Dataset entries:
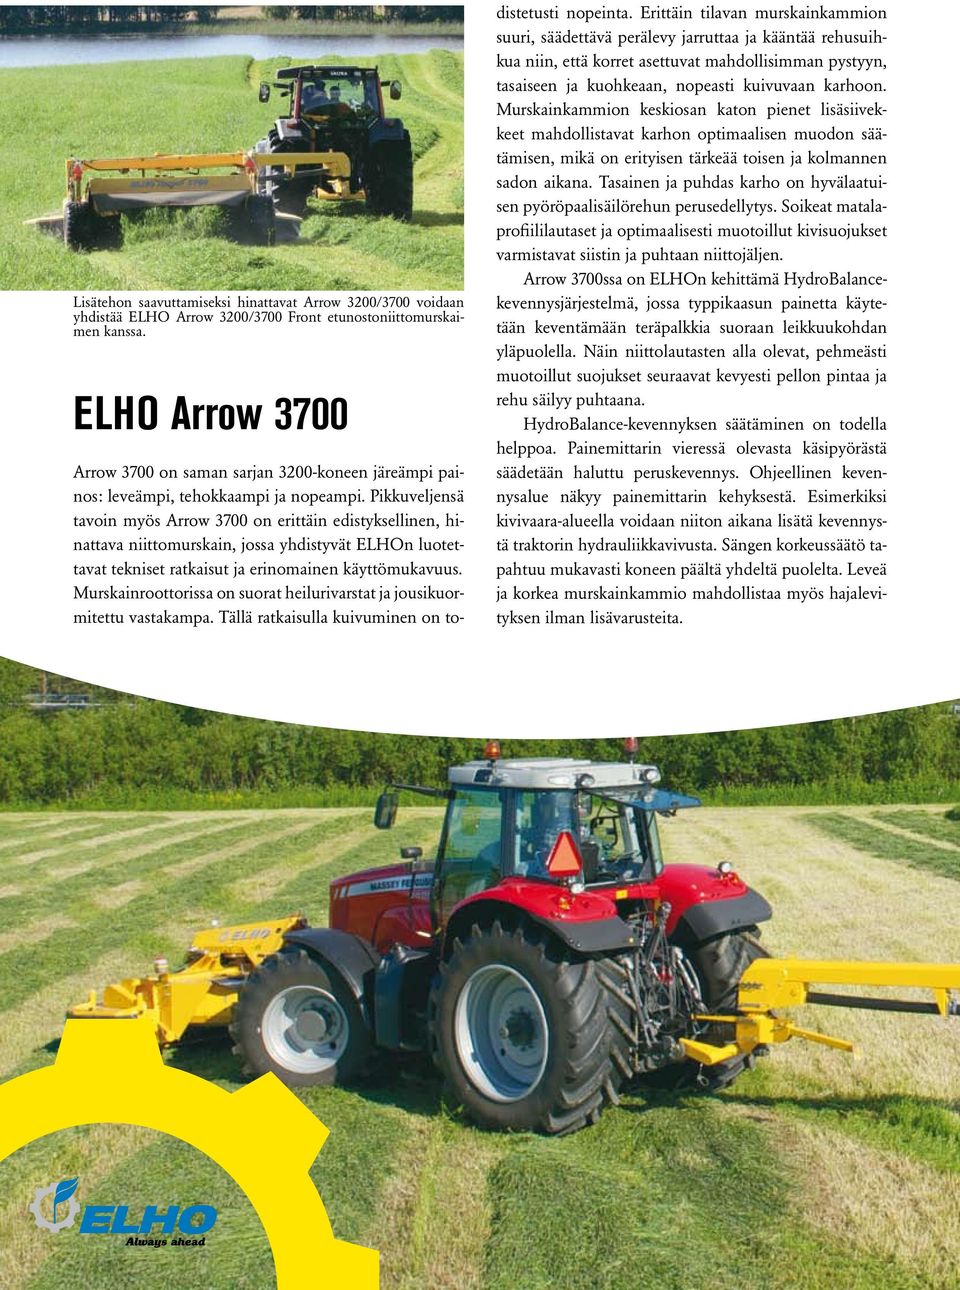 Pikkuveljensä tavoin myös Arrow 3700 on erittäin edistyksellinen, hinattava niittomurskain, jossa yhdistyvät ELHOn luotettavat tekniset ratkaisut ja erinomainen käyttömukavuus.
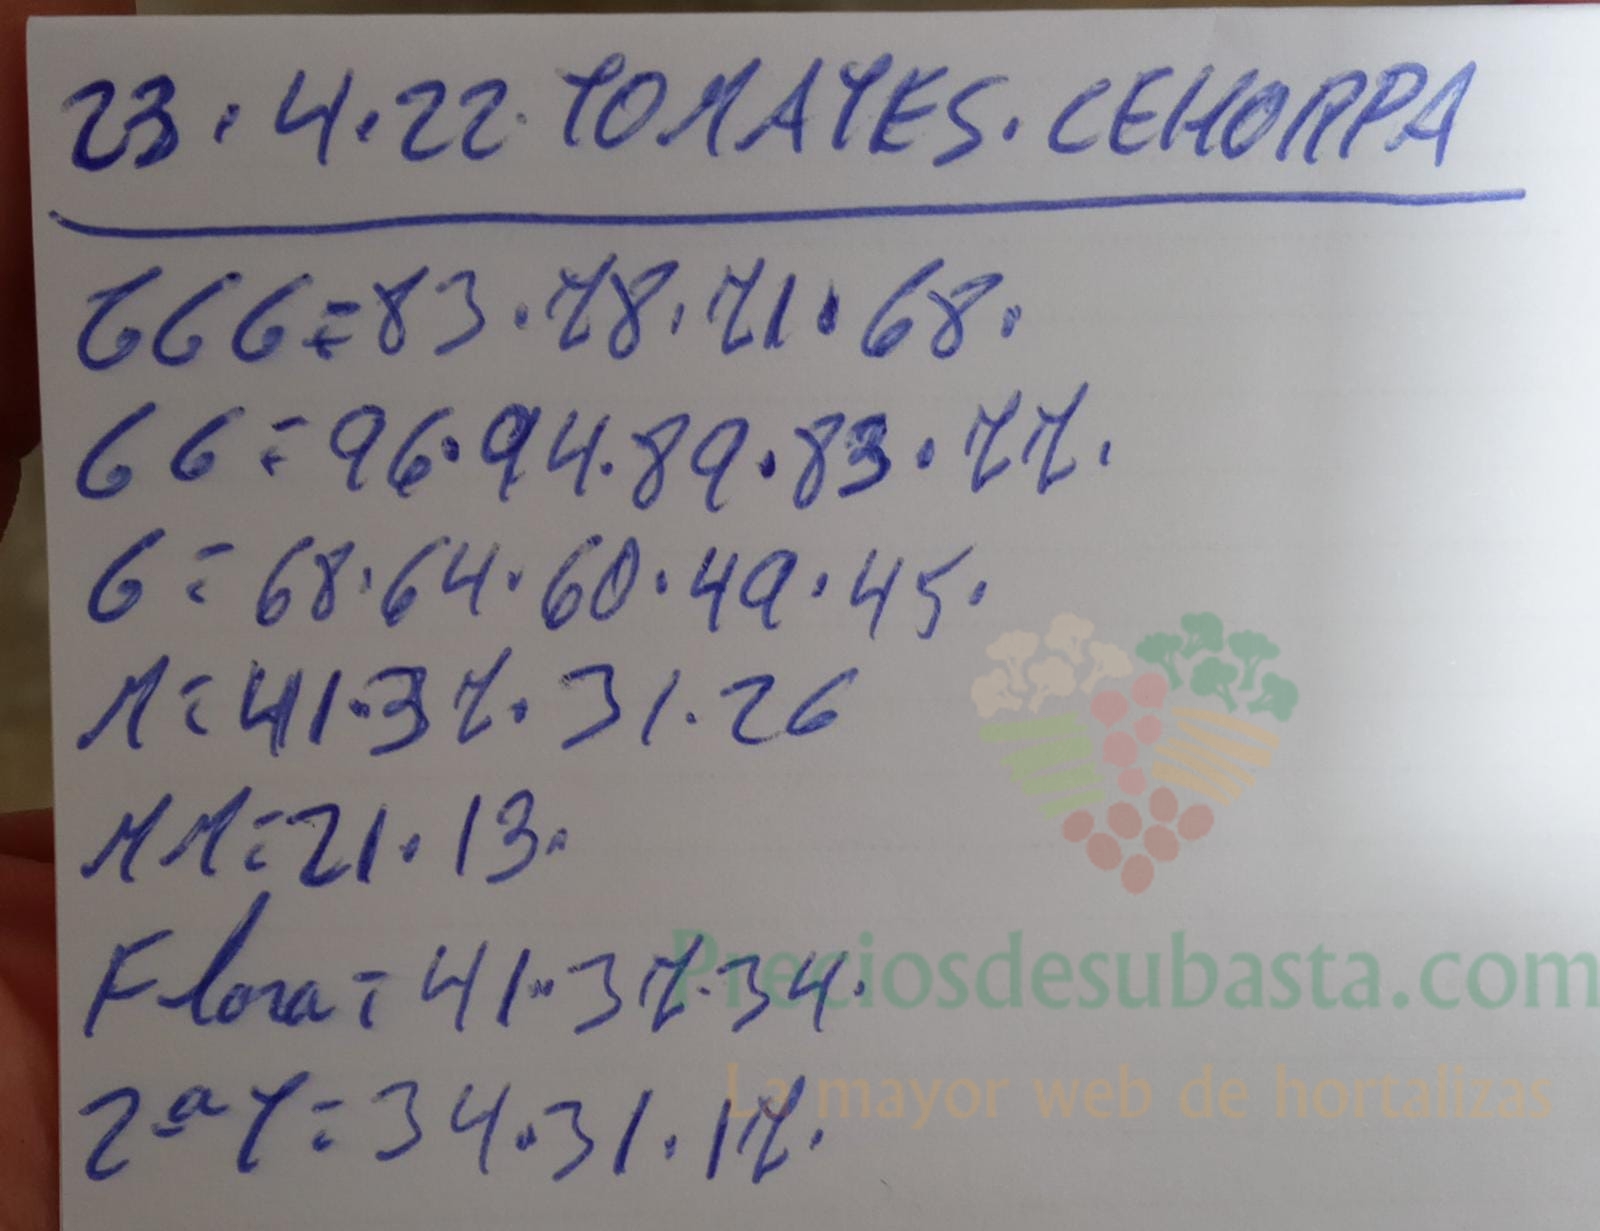 Subasta hortofrutícola Costa de Almería Cehorpa tomate 23 de abril 2022
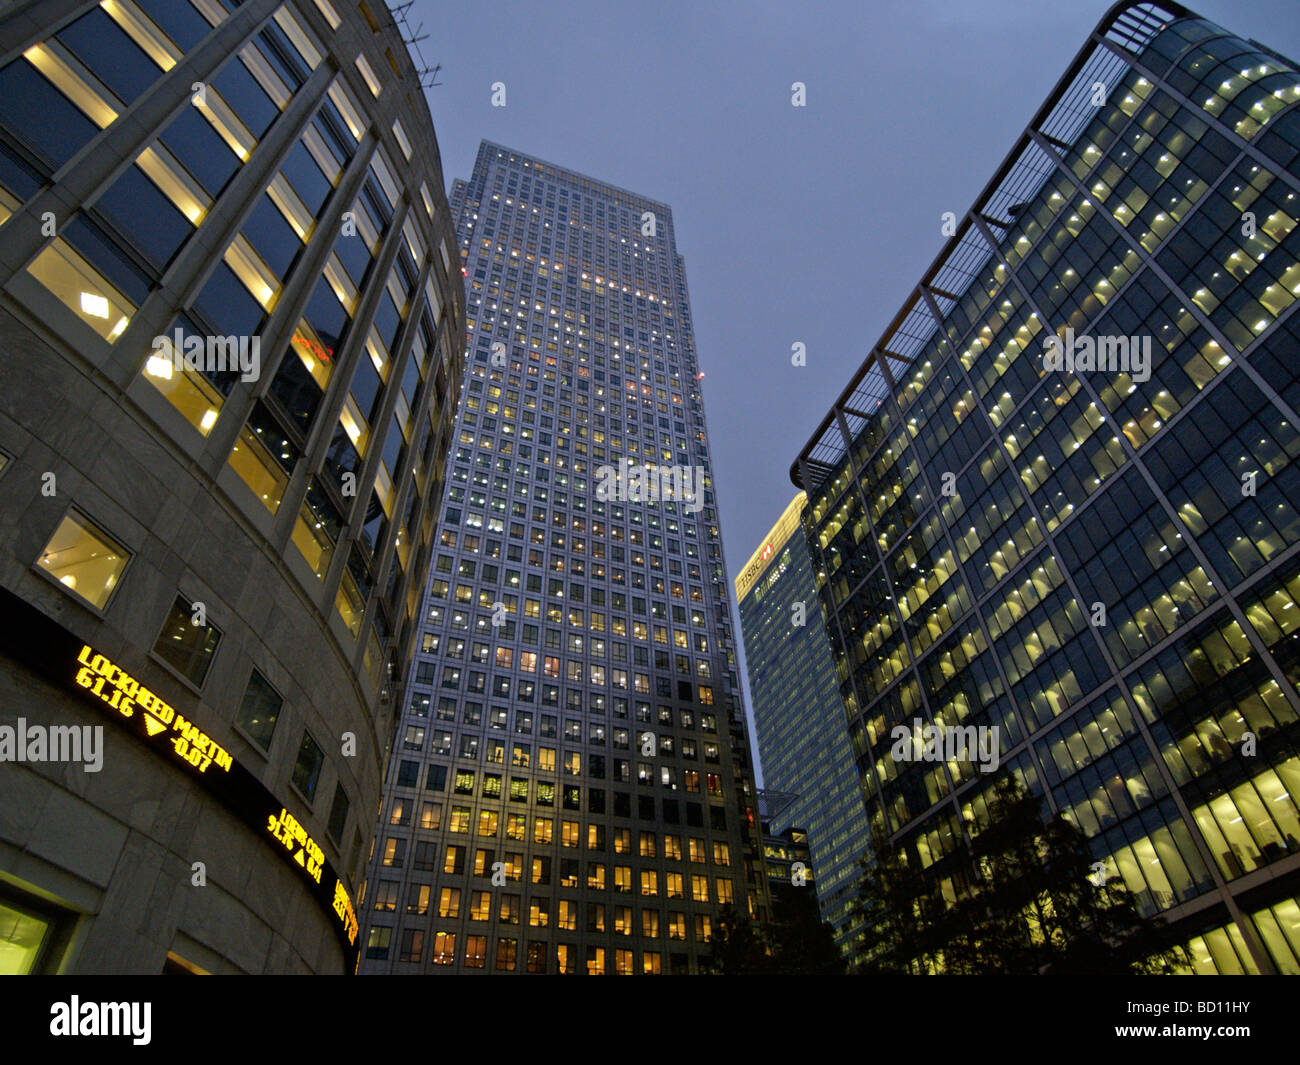 Les immeubles de bureaux avec stock market ticker Docklands Canary Wharf London UK Banque D'Images
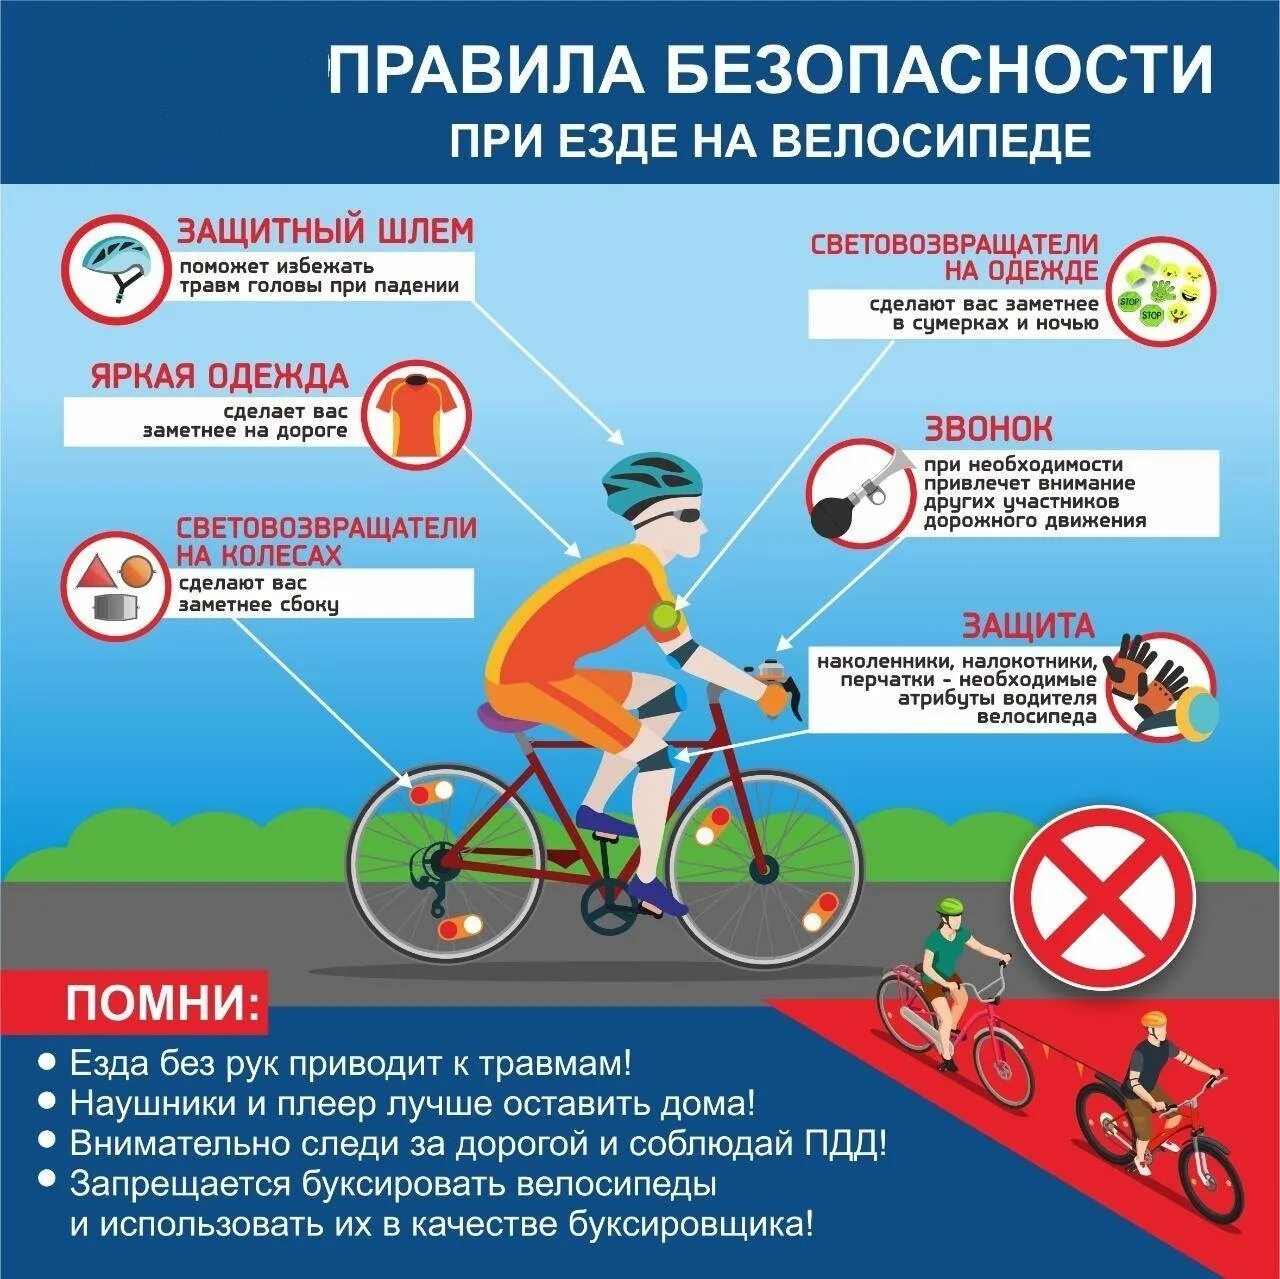 Правила пдд езда. Правила для велосипедистов. Безопасность движения велосипедиста. Памятка велосипедиста. Безопасность езды на велосипеде.
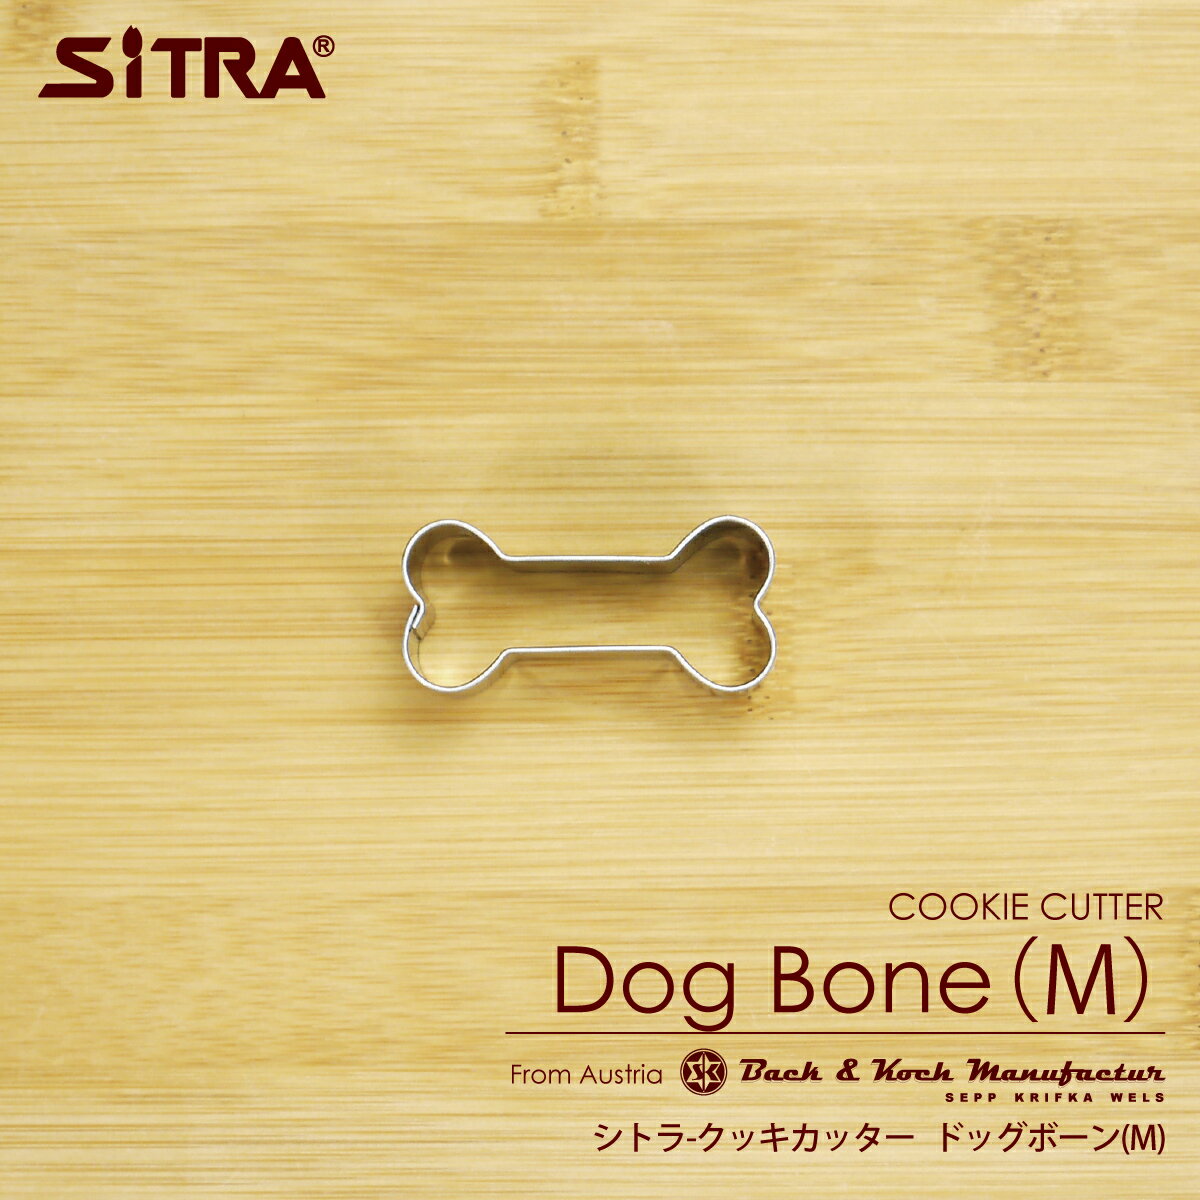 クッキー型 「ドッグボーン（M）」 犬の骨 ステンレス ヨーロッパで 人気 の おしゃれ で 珍しい 形 手作りクッキー プレゼント ギフト に 犬用クッキー型 にも人気 SiTRA シトラ 動物 犬好き さん に おすすめ の 犬グッズ

• **PROBLEM REQUIREMENTS**
Verbatim, write out the line containing "Les immeubles de" and all later lines through the end of the records, leaving every picture out.

• **RESPONSE FOR THIS EXERCISE**
 Les immeubles de bureaux avec stock market ticker Docklands Canary Wharf London UK Banque D'Images
 Правила пдд езда. Правила для велосипедистов. Безопасность движения велосипедиста. Памятка велосипедиста. Безопасность езды на велосипеде.
 クッキー型 「ドッグボーン（M）」 犬の骨 ステンレス ヨーロッパで 人気 の おしゃれ で 珍しい 形 手作りクッキー プレゼント ギフト に 犬用クッキー型 にも人気 SiTRA シトラ 動物 犬好き さん に おすすめ の 犬グッズ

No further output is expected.